« La délocalisation n'est pas toujours souhaitable », prétend le Pr Ma Rong
par Jean-Paul Desimpelaere, le 5 février 2009
Le Professeur Ma Rong est un sociologue et démographe de réputation mondiale. Il a publié entre autres de nombreux ouvrages sur le Tibet. Pendant le séminaire international de tibétologie qui eut lieu en octobre 2008, il a laissé libre cours à ses critiques quant au conformisme caractérisant parfois les rangs des jeunes générations chinoises.
Il a déclaré, entre autres : « Nous devons être plus concrets dans notre manière de penser et nous demander, par exemple, quelle sorte d’industrie légère conviendrait le mieux pour le Tibet, la nommer concrètement, et puis, quelles techniques devraient être enseignées en R.A.T. ? Est-il vraiment nécessaire d’amener une grande partie de la population vers les villes ?
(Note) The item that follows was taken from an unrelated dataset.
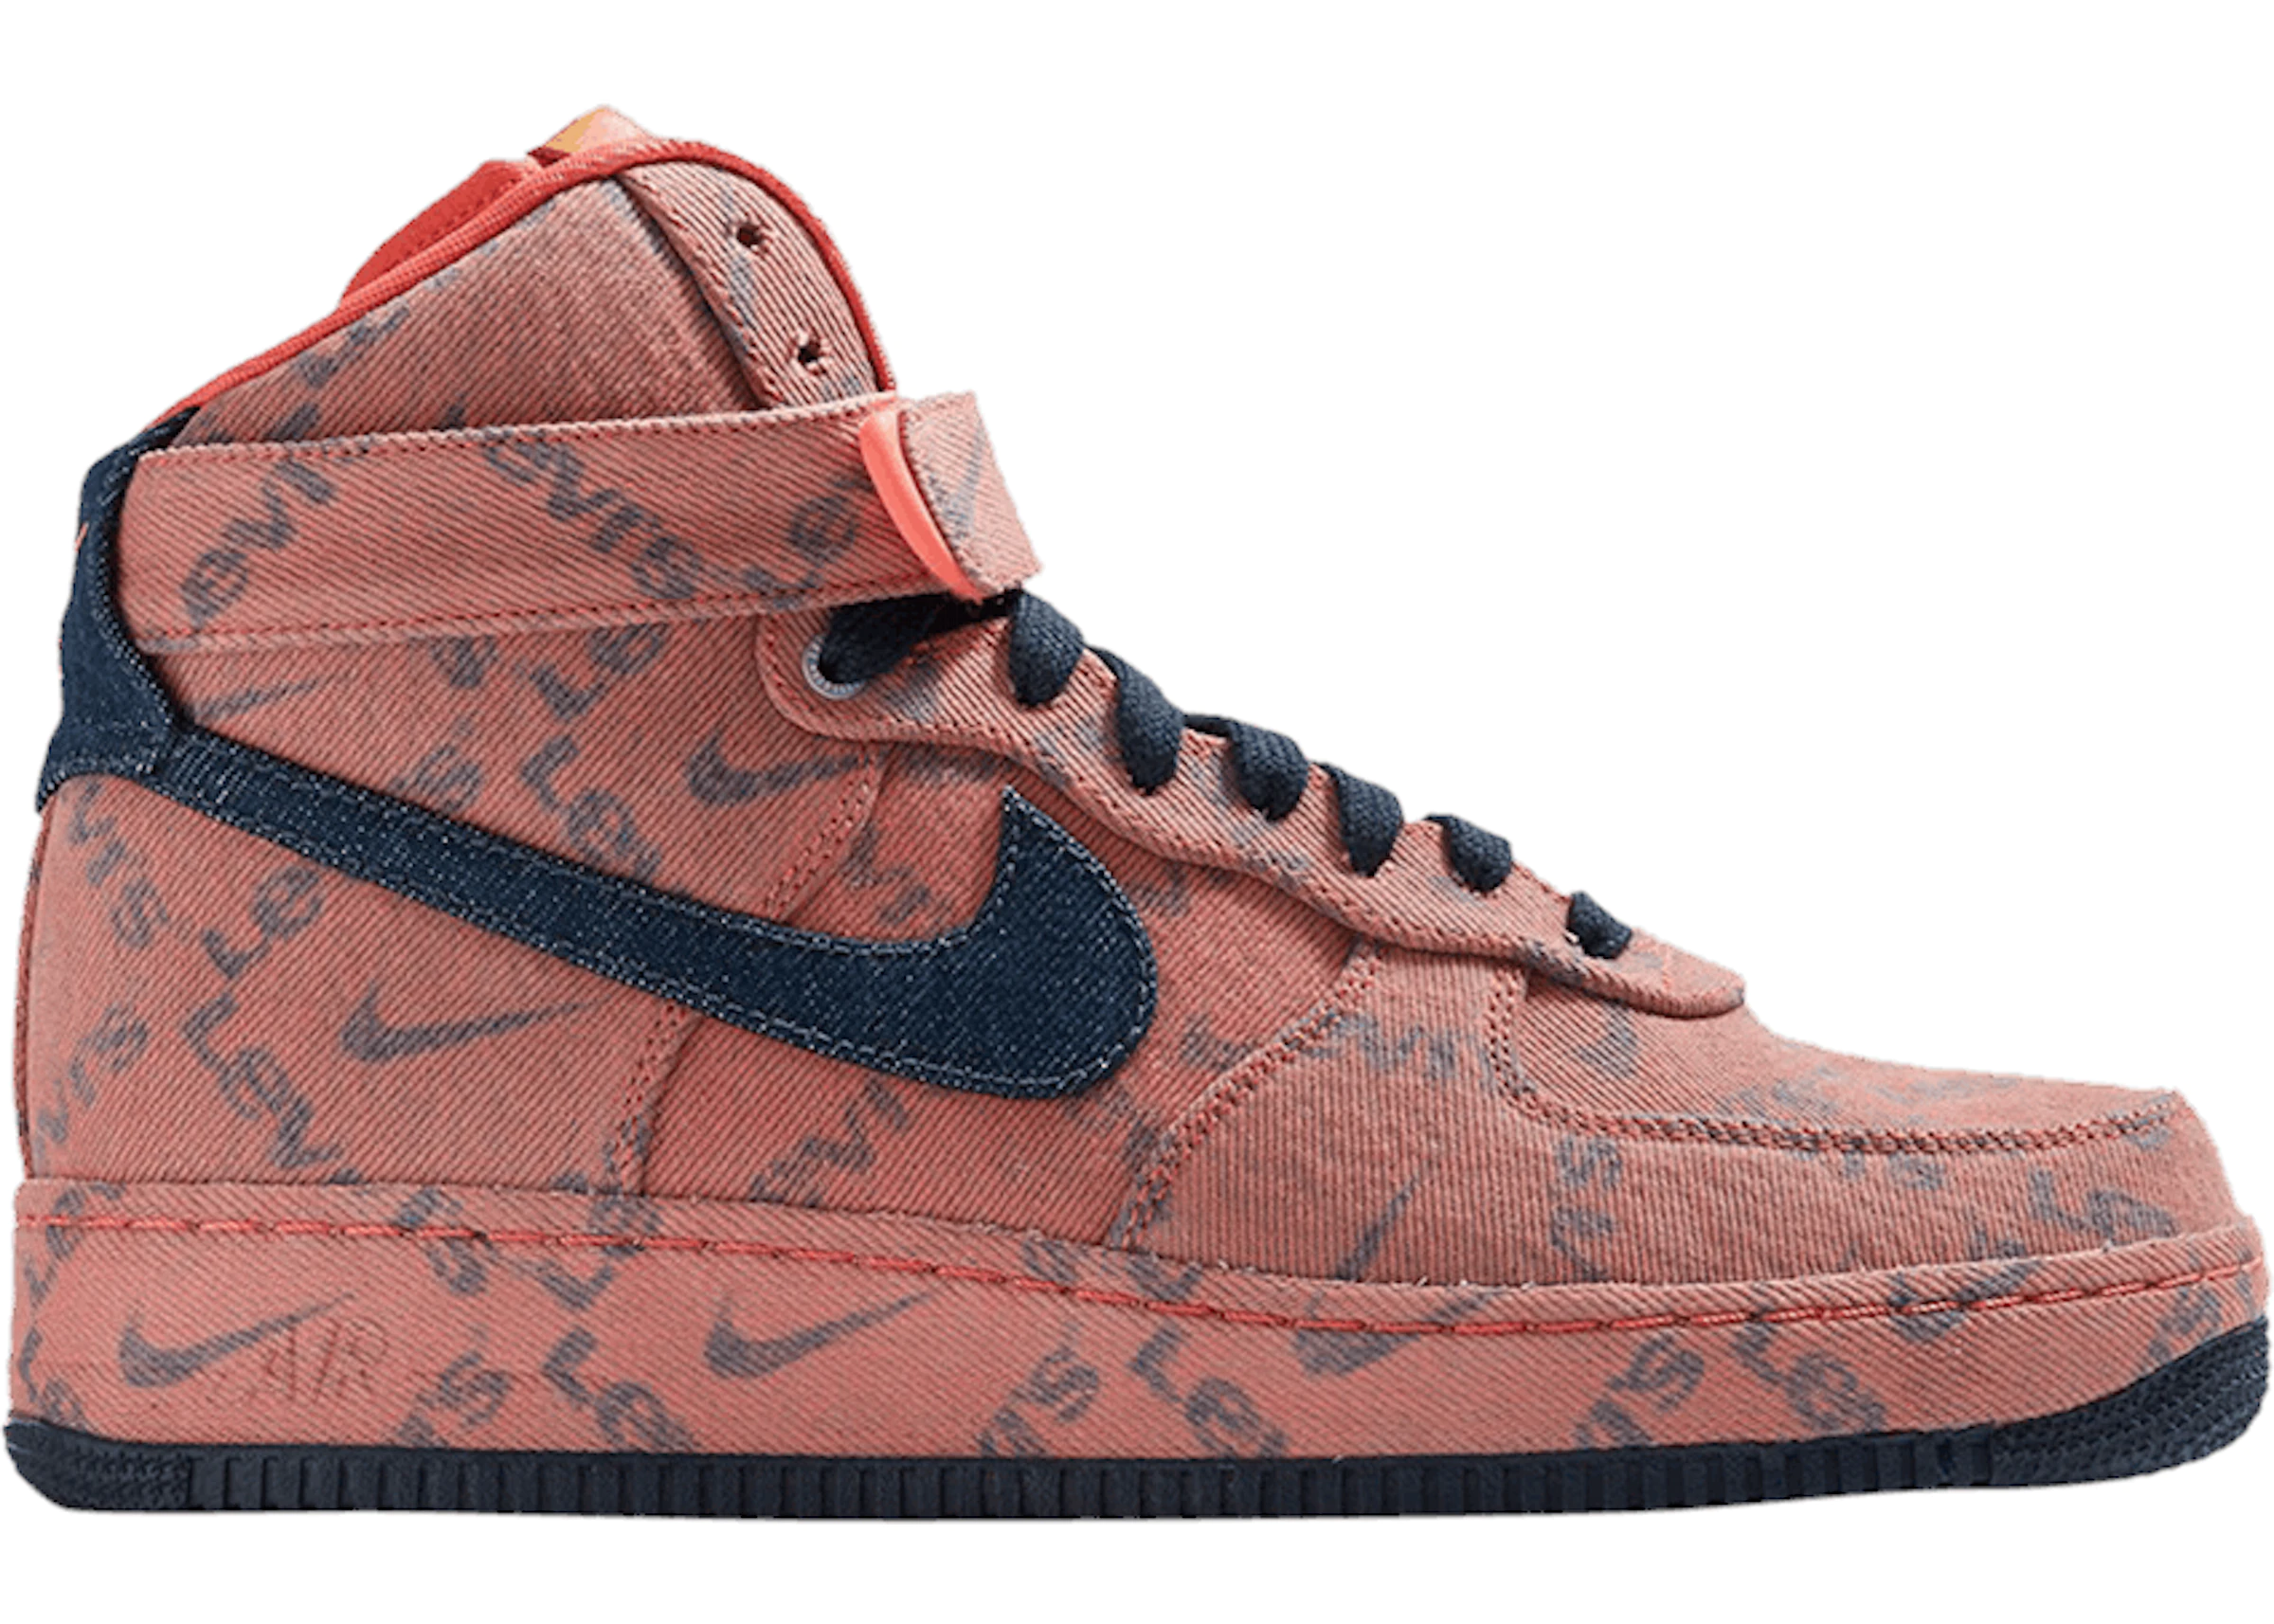 Inactief Ontembare rand Nike Air Force 1 High Levi's Exclusive Denim - CV0672-844 - US

Je ne suis pas convaincu qu’il soit souhaitable pour tous les paysans tibétains d’aller s’installer dans la vallée fertile du Yarlung, délocaliser les gens n’est pas toujours une solution idéale.
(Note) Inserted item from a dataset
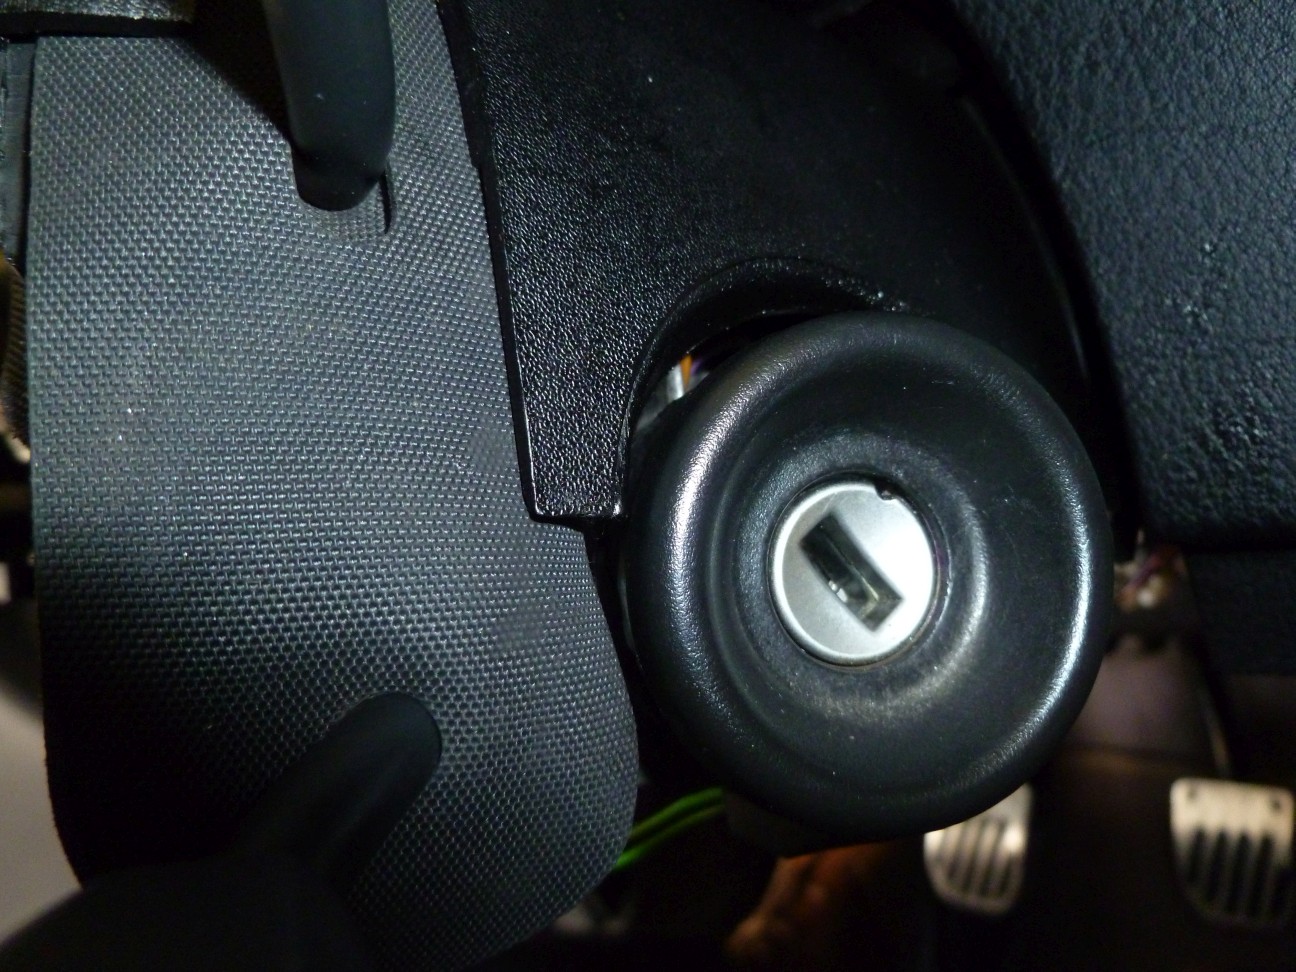 DIY: spinning key problem - repair the ignition switch to lock cylinder ...

Et puis, il faut tenir compte qu’un tiers de la R.A.T. est maintenant protégé ; aucune industrie n’a le droit de s’implanter en zone naturelle protégée. Par ailleurs, il ne faut pas oublier la population des travailleurs migrants : que pouvons-nous leur offrir, comment les organiser ? Nous devons être créatifs et ne pas être des béni-oui-oui pour tout ce que le gouvernement propose. »
Pr MaRong réagissait de la sorte à l’exposé d’un jeune sociologue chinois qui avait réalisé une enquête auprès des habitants d’un village « délocalisé ». Auparavant, ce village se situait dans un endroit éloigné de tout, sans aucune commodité. Il n’y avait même pas un chemin d'accès au village.
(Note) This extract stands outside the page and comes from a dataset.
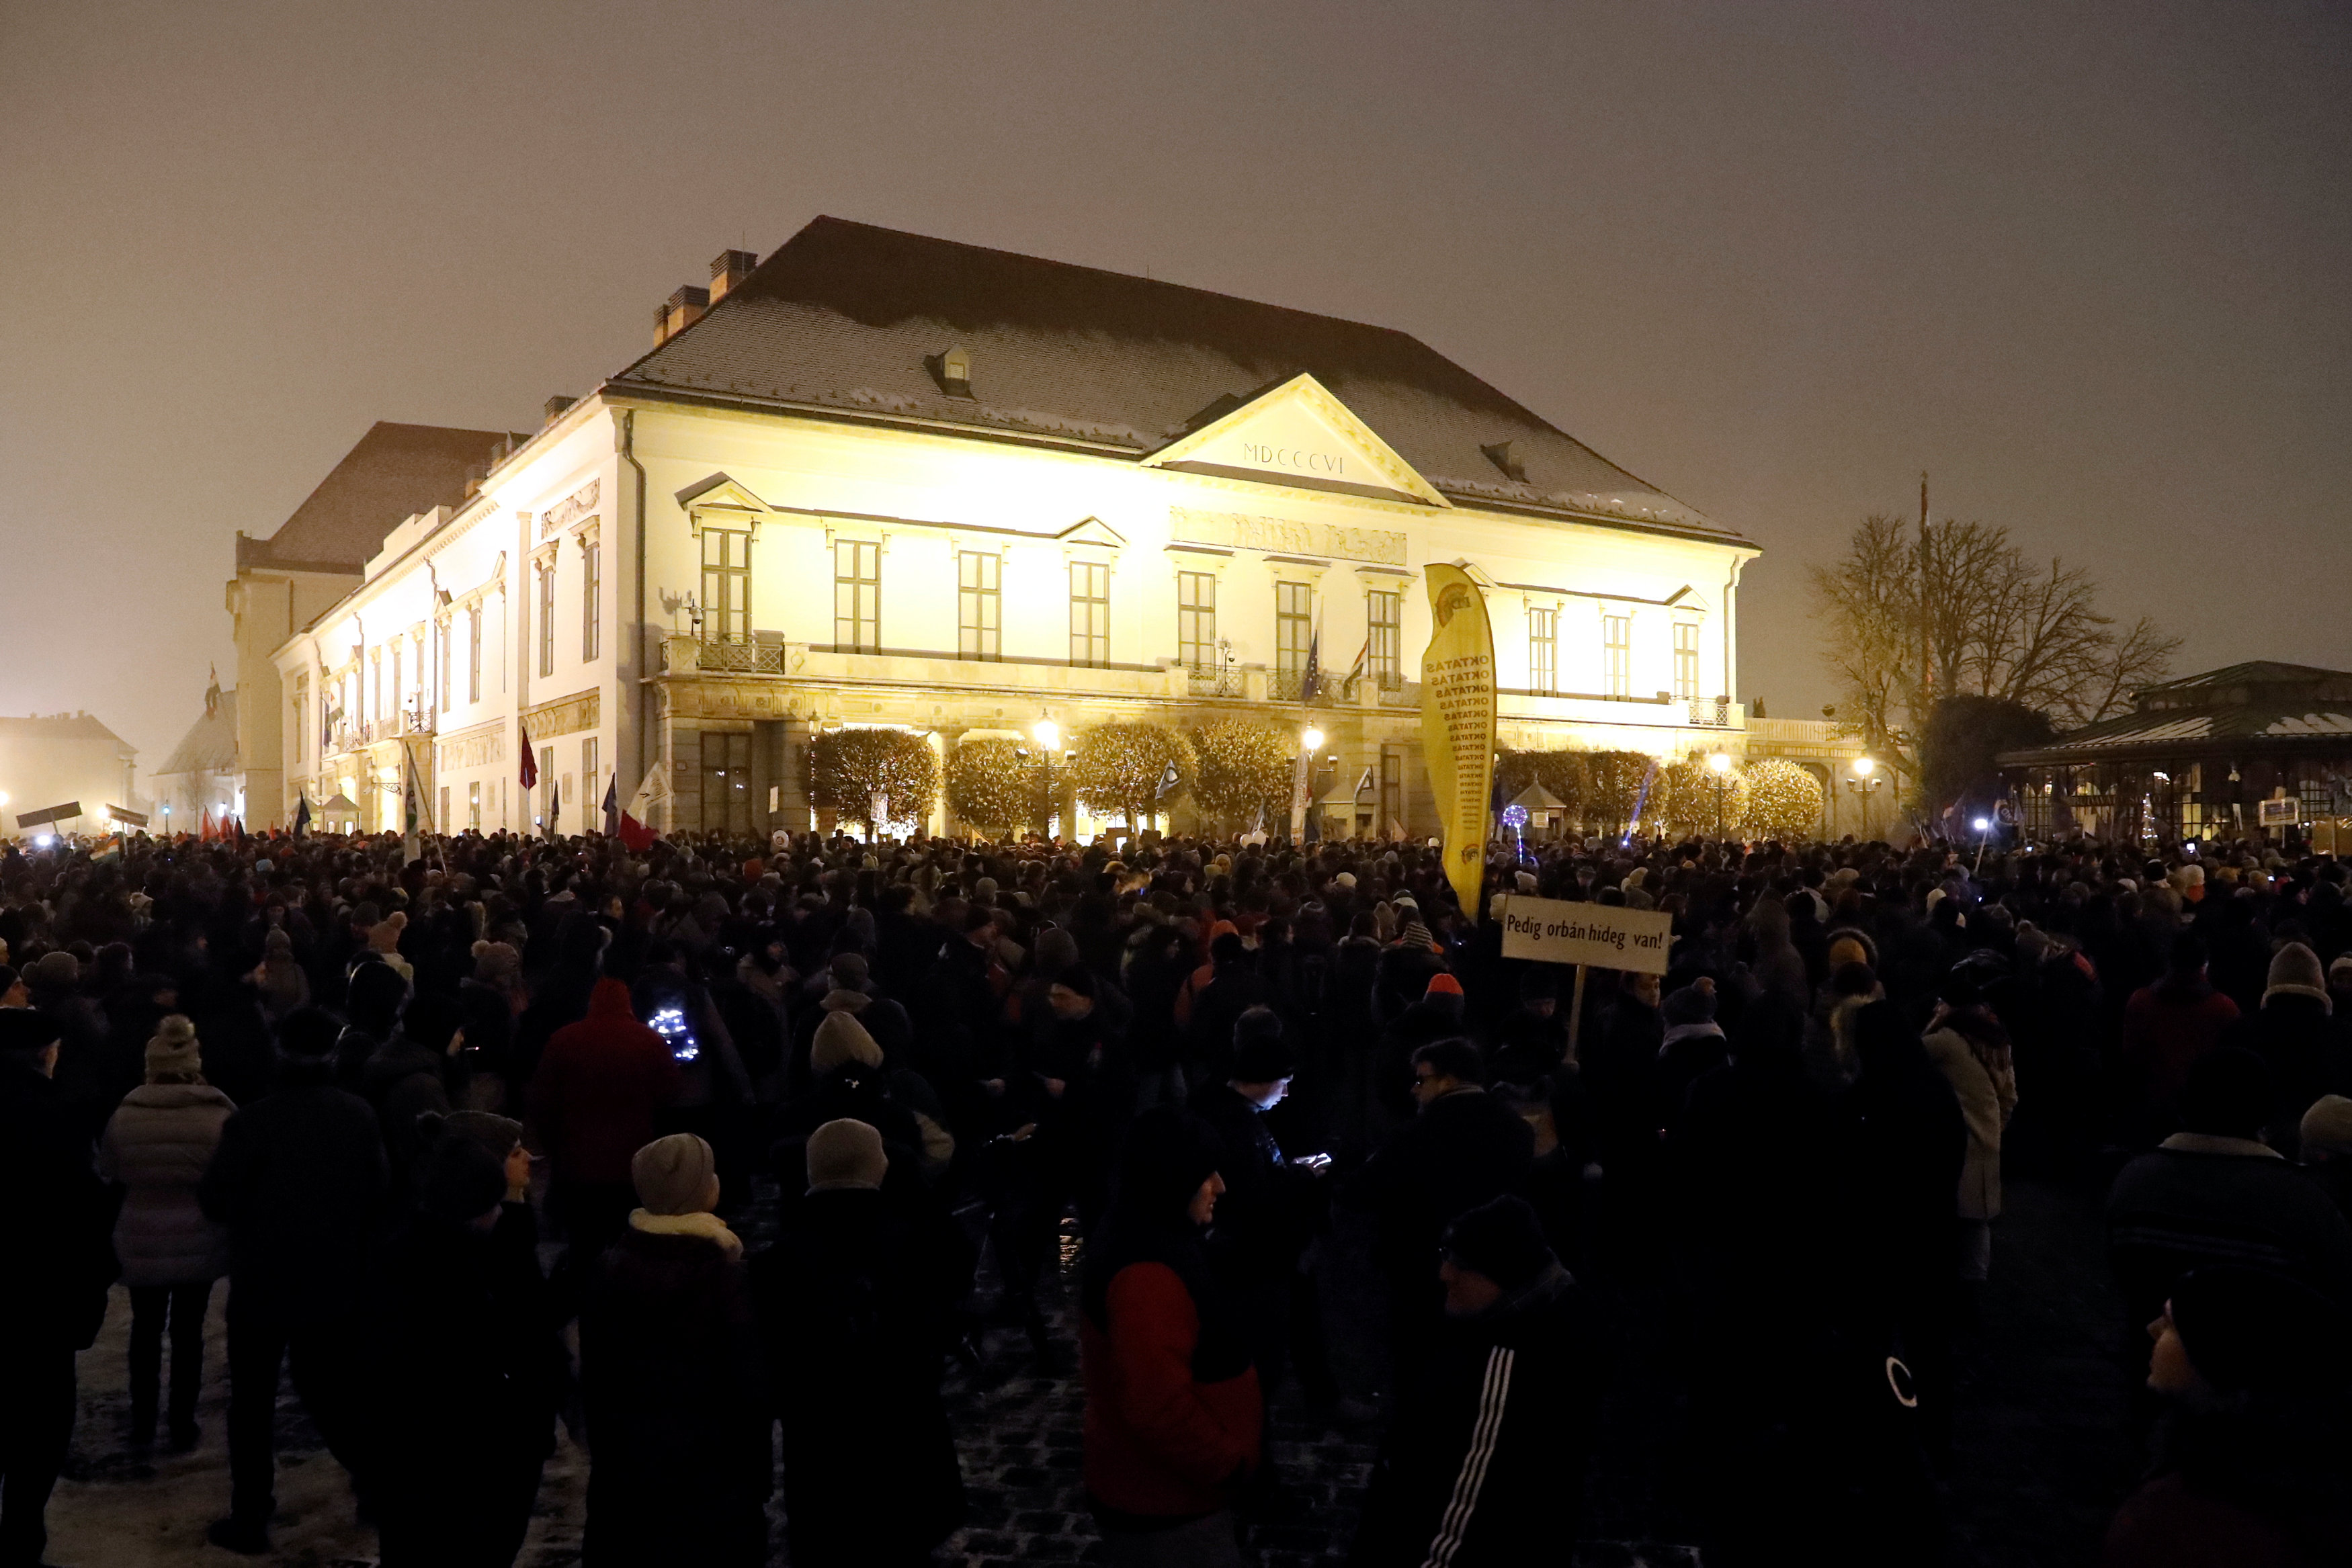 2018-12-21T214544Z_29752985_RC1BC0235540_RTRMADP_3_HUNGARY-PROTEST

Le jeune chercheur avait ouvert son discours par un fumeux : « Conformément à la politique générale du gouvernement, le village un tel a été délocalisé…, etc. », et il poursuivait sans remettre en question le bienfait de ces délocalisations. D’après lui, puisque les directives gouvernementales avaient été suivies, les villageois étaient satisfaits de leur sort : à présent, ils disposaient d’eau courante, d’une petite école et d’un dispensaire pour les premiers soins. Le jeune sociologue n’était pourtant pas capable de dire si les revenus des habitants étaient plus élevés dans le nouveau village que dans l'ancien. Certes, une partie des villageois avait trouvé un emploi dans une station d’épuration d’eau et une autre partie dans un meunerie… mais, finalement, étaient-ils plus satisfaits qu’avant ?
L’honorable professeur MaRong, qui en a certainement vu d’autres dans sa longue carrière, ne s’est pas gêné pour critiquer ouvertement le conformisme des « jeunes loups aux longues dents » qui ne visent qu’à s’élever dans la hiérarchie universitaire et qui, pour ce faire, n’hésitent pas à encenser les politiques gouvernementales. Selon Pr MaRong, ce n’est pas ainsi qu'on fait progresser les choses.